EXERCISE DATA:
=== Section Start ===
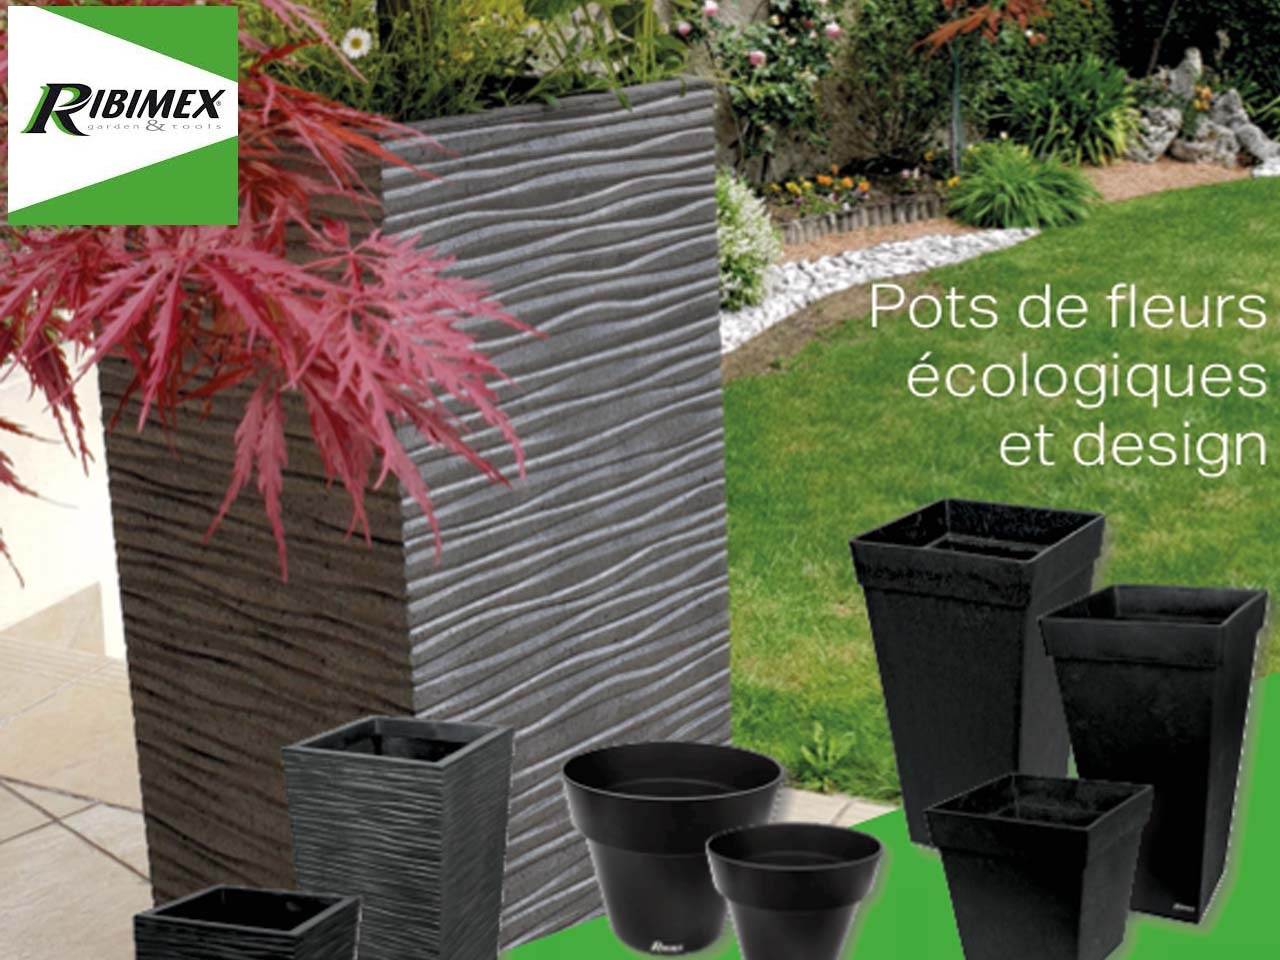 Ribimex enrichit sa gamme Eco Garden de pots de fleurs tendances !
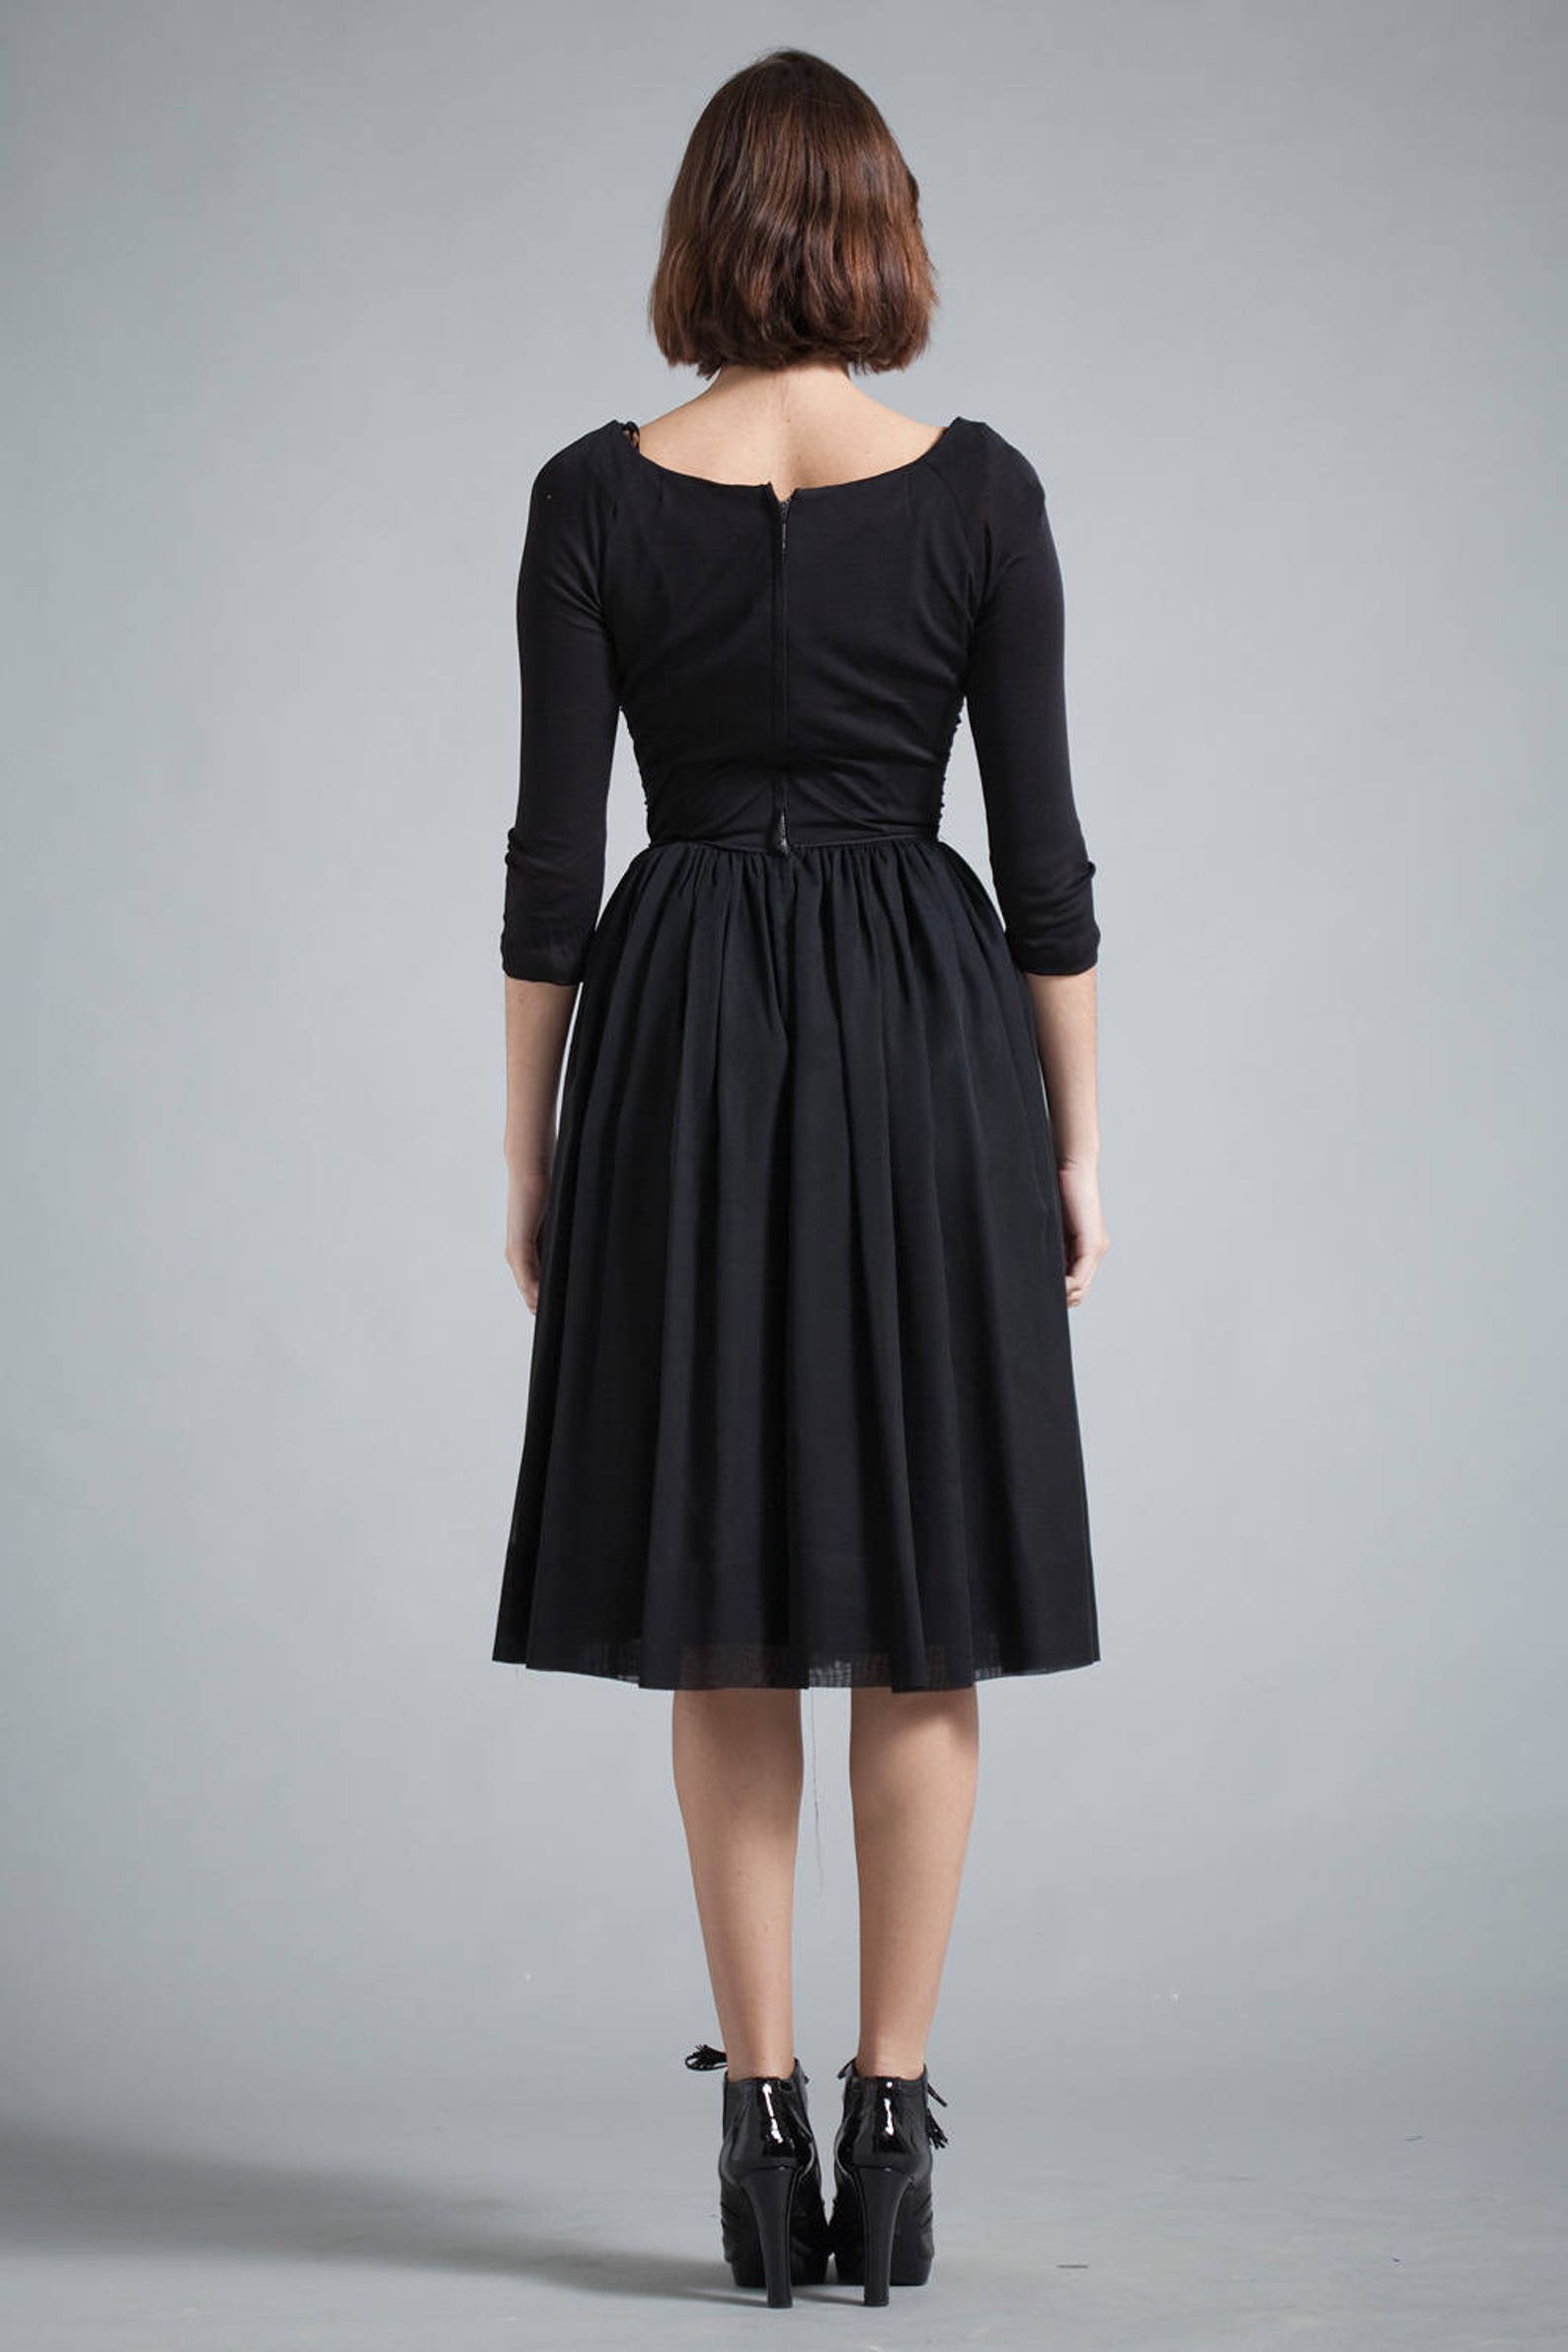 Vintage 50s 1950s LBD Little Black Crepe Dress Gathered 3/4 | Etsy
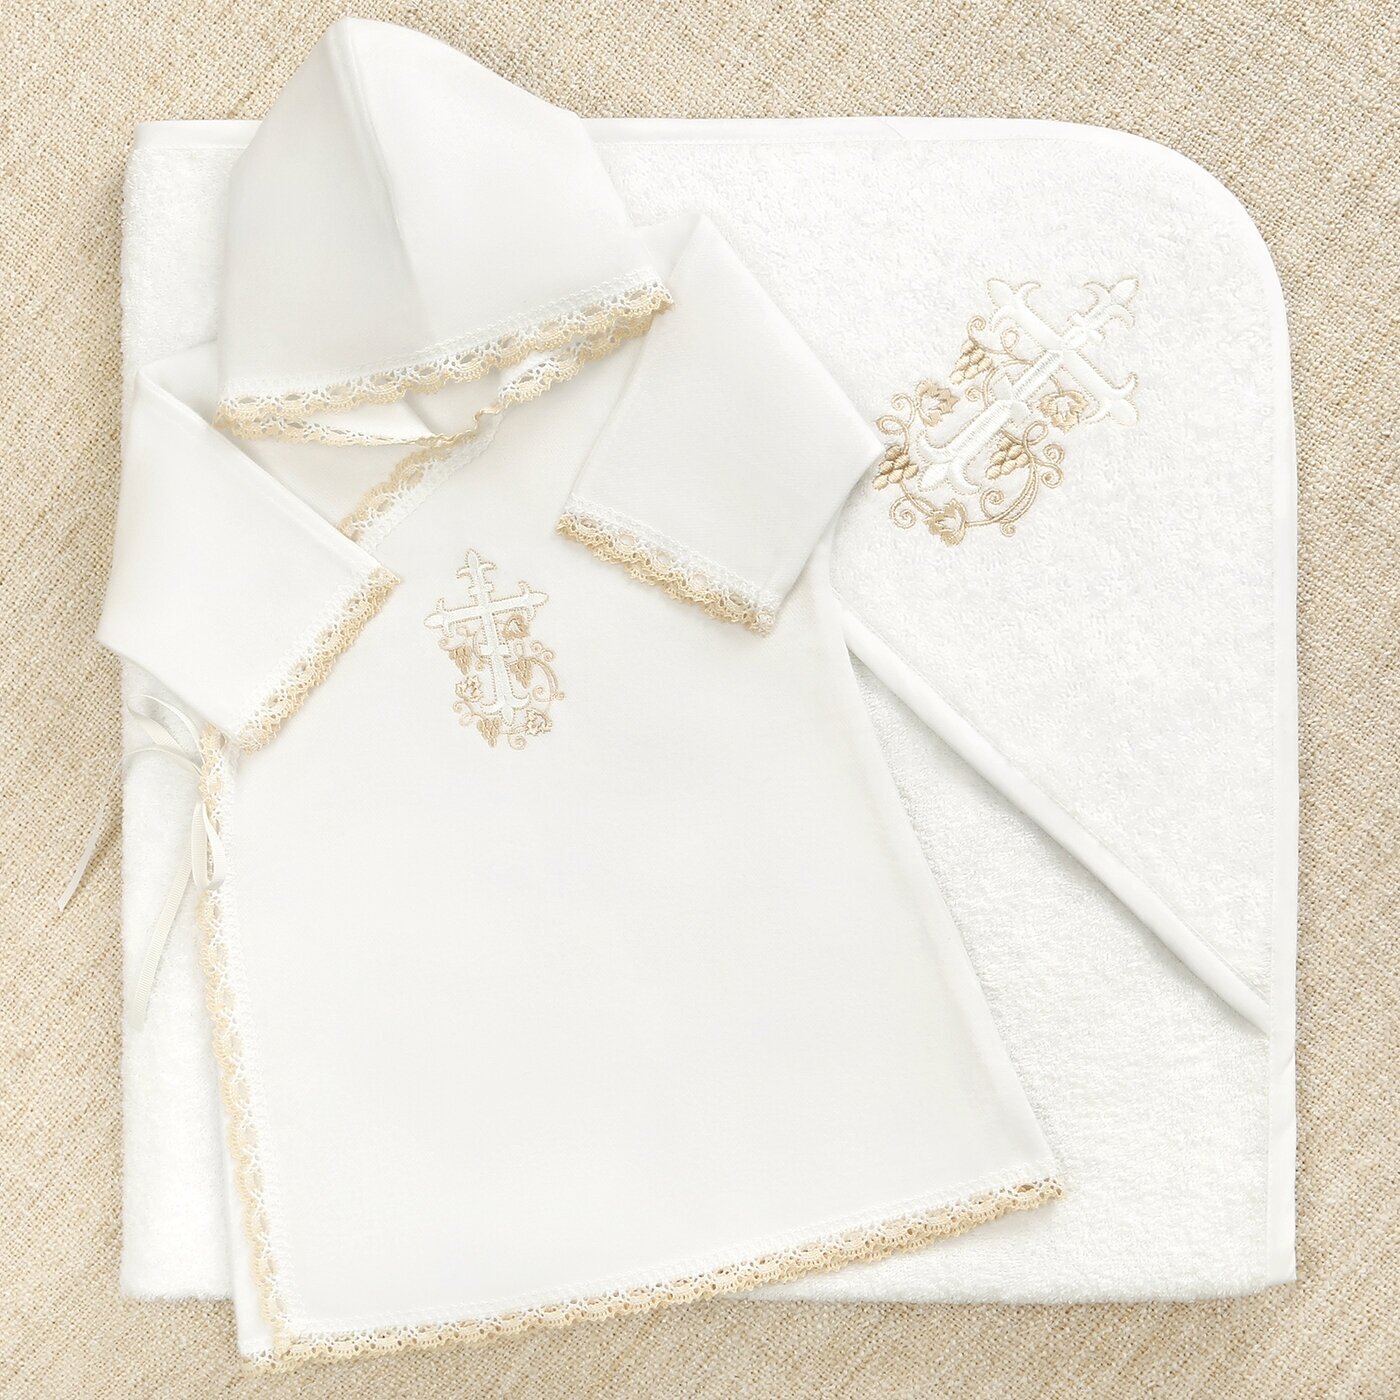 Теплый крестильный набор для Крещения малыша "Бежевый лучик" с махровым полотенцем
=== Section End ===
WHAT IS NEEDED: Return the listing above in full and unaltered. Keep the pictures out.

THE ANSWER:
 Ribimex enrichit sa gamme Eco Garden de pots de fleurs tendances !
 Vintage 50s 1950s LBD Little Black Crepe Dress Gathered 3/4 | Etsy
 Теплый крестильный набор для Крещения малыша "Бежевый лучик" с махровым полотенцем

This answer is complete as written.